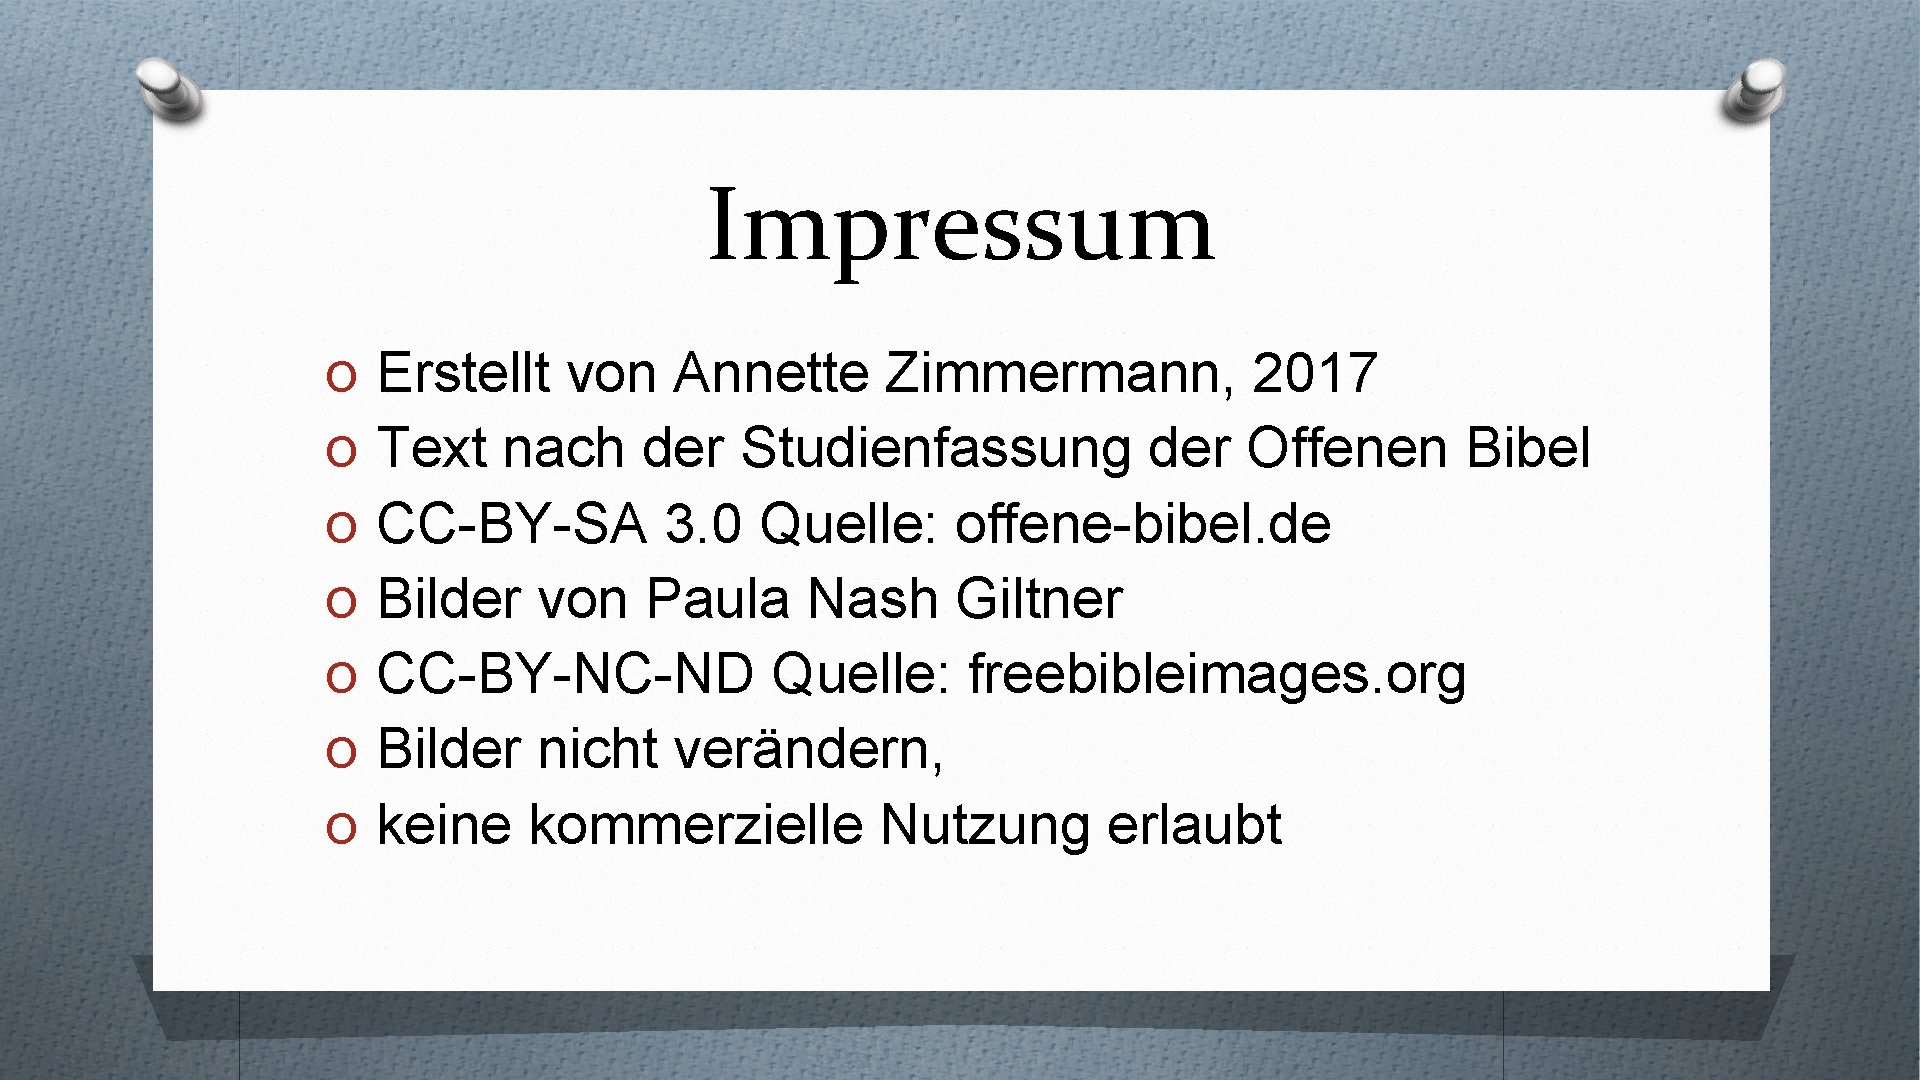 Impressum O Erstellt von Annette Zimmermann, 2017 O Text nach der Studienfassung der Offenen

---

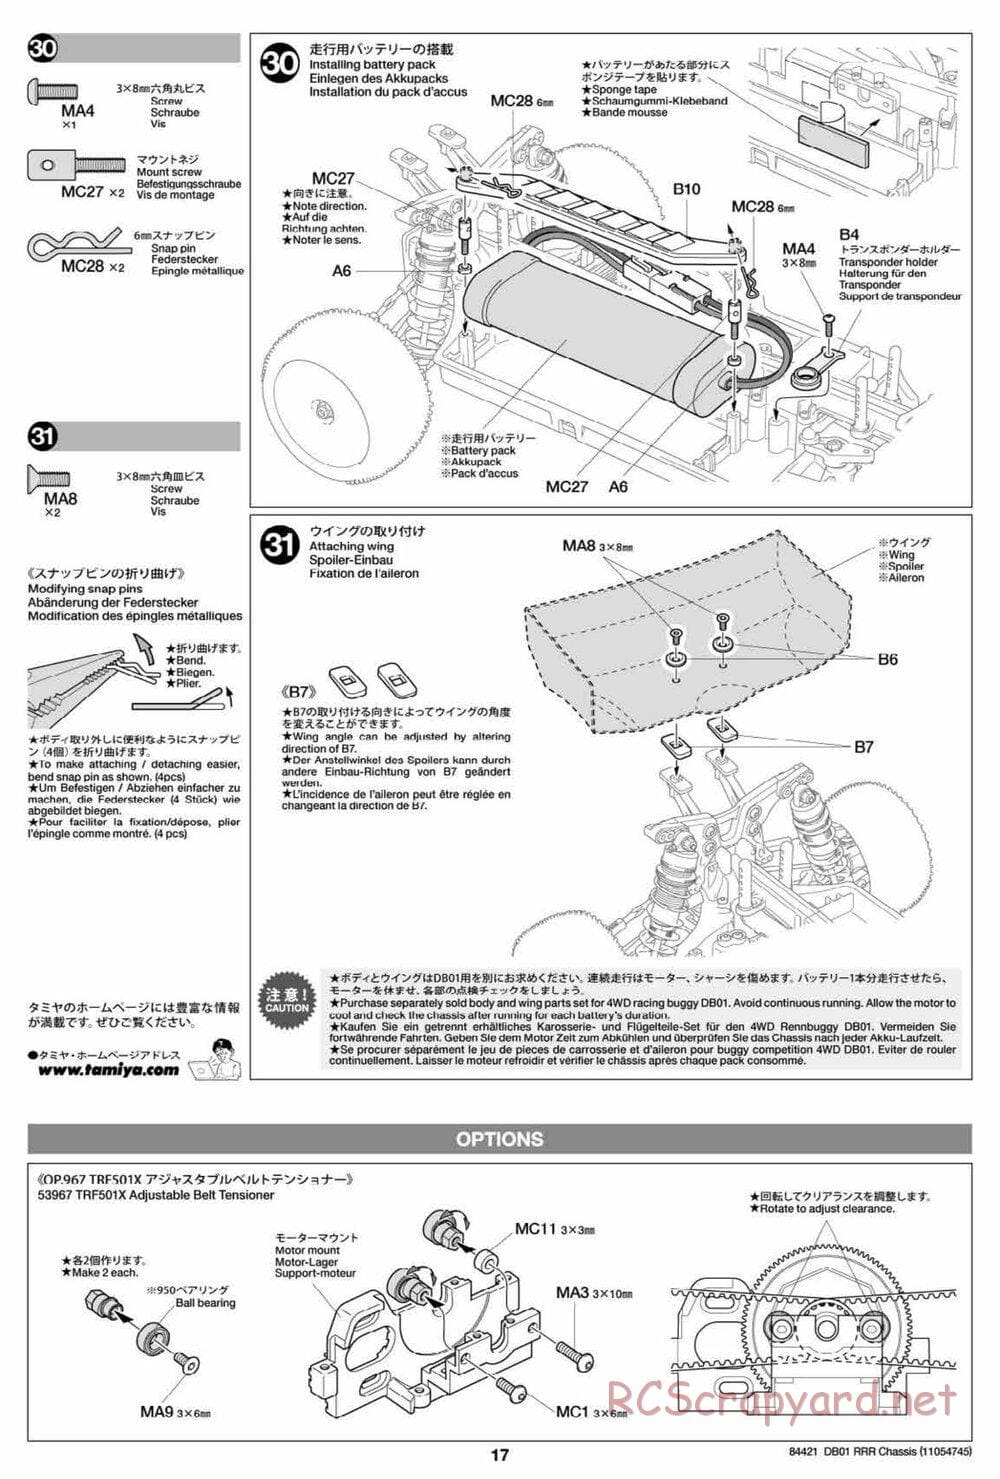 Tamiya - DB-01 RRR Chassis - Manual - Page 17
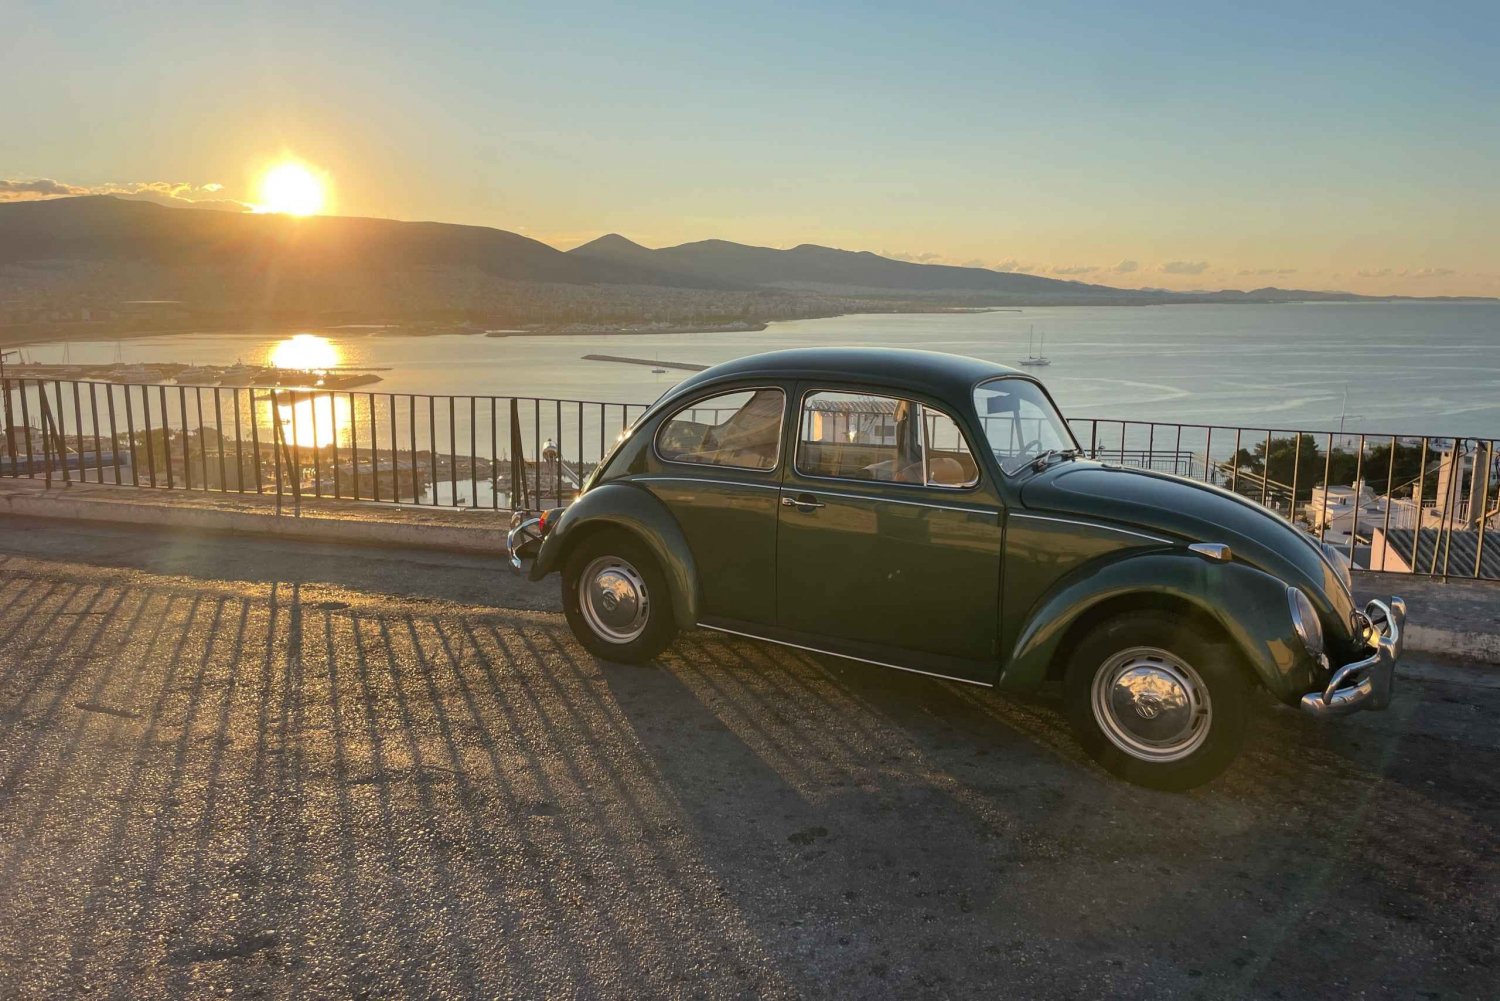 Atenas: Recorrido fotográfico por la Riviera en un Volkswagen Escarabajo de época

EXERCISE DETAILS - Because only one stretch of the records is wanted, please output the lines from the one holding "Tamiya - DB-01" through the one holding "Atenas: Recorrido fotográfico" exactly, both included, and leave every picture out.

COMPLETED EXERCISE -
 Tamiya - DB-01 RRR Chassis - Manual - Page 17
 Atenas: Recorrido fotográfico por la Riviera en un Volkswagen Escarabajo de época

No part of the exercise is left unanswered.